EXERCISE OBJECTIVE: What is needed here is an exact transcription of all the entries.

INFORMATION PROVIDED: Begin

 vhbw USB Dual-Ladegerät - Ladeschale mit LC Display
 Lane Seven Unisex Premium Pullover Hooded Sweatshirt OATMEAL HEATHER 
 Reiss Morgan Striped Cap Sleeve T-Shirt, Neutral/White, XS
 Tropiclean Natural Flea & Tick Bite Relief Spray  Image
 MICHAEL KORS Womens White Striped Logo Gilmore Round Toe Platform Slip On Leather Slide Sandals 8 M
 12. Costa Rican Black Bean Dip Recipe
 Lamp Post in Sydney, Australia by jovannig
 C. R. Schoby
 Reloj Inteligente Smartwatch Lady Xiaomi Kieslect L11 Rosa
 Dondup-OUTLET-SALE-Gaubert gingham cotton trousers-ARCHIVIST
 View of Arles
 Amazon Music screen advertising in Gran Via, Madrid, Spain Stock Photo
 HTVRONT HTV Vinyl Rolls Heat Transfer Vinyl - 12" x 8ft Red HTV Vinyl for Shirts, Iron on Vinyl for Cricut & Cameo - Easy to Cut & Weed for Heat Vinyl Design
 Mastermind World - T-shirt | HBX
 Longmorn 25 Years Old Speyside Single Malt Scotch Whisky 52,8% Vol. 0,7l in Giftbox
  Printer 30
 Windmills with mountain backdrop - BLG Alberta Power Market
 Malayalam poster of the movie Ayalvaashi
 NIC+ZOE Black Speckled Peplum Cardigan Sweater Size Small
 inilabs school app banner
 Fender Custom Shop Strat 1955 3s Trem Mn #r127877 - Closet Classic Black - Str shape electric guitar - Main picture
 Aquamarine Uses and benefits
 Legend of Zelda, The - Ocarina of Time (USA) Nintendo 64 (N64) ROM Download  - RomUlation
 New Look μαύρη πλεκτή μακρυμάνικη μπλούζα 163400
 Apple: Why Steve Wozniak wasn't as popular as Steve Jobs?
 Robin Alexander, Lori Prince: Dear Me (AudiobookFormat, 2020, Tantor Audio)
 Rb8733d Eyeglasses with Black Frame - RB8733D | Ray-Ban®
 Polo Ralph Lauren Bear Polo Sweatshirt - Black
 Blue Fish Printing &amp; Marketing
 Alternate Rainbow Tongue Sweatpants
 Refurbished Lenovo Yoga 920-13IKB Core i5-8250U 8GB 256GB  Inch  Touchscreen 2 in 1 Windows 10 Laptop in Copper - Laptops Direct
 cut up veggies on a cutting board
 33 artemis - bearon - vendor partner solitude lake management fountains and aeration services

INFORMATION PROVIDED: End

REPLY TO THE EXERCISE:
 vhbw USB Dual-Ladegerät - Ladeschale mit LC Display
 Lane Seven Unisex Premium Pullover Hooded Sweatshirt OATMEAL HEATHER 
 Reiss Morgan Striped Cap Sleeve T-Shirt, Neutral/White, XS
 Tropiclean Natural Flea & Tick Bite Relief Spray  Image
 MICHAEL KORS Womens White Striped Logo Gilmore Round Toe Platform Slip On Leather Slide Sandals 8 M
 12. Costa Rican Black Bean Dip Recipe
 Lamp Post in Sydney, Australia by jovannig
 C. R. Schoby
 Reloj Inteligente Smartwatch Lady Xiaomi Kieslect L11 Rosa
 Dondup-OUTLET-SALE-Gaubert gingham cotton trousers-ARCHIVIST
 View of Arles
 Amazon Music screen advertising in Gran Via, Madrid, Spain Stock Photo
 HTVRONT HTV Vinyl Rolls Heat Transfer Vinyl - 12" x 8ft Red HTV Vinyl for Shirts, Iron on Vinyl for Cricut & Cameo - Easy to Cut & Weed for Heat Vinyl Design
 Mastermind World - T-shirt | HBX
 Longmorn 25 Years Old Speyside Single Malt Scotch Whisky 52,8% Vol. 0,7l in Giftbox
  Printer 30
 Windmills with mountain backdrop - BLG Alberta Power Market
 Malayalam poster of the movie Ayalvaashi
 NIC+ZOE Black Speckled Peplum Cardigan Sweater Size Small
 inilabs school app banner
 Fender Custom Shop Strat 1955 3s Trem Mn #r127877 - Closet Classic Black - Str shape electric guitar - Main picture
 Aquamarine Uses and benefits
 Legend of Zelda, The - Ocarina of Time (USA) Nintendo 64 (N64) ROM Download  - RomUlation
 New Look μαύρη πλεκτή μακρυμάνικη μπλούζα 163400
 Apple: Why Steve Wozniak wasn't as popular as Steve Jobs?
 Robin Alexander, Lori Prince: Dear Me (AudiobookFormat, 2020, Tantor Audio)
 Rb8733d Eyeglasses with Black Frame - RB8733D | Ray-Ban®
 Polo Ralph Lauren Bear Polo Sweatshirt - Black
 Blue Fish Printing &amp; Marketing
 Alternate Rainbow Tongue Sweatpants
 Refurbished Lenovo Yoga 920-13IKB Core i5-8250U 8GB 256GB  Inch  Touchscreen 2 in 1 Windows 10 Laptop in Copper - Laptops Direct
 cut up veggies on a cutting board
 33 artemis - bearon - vendor partner solitude lake management fountains and aeration services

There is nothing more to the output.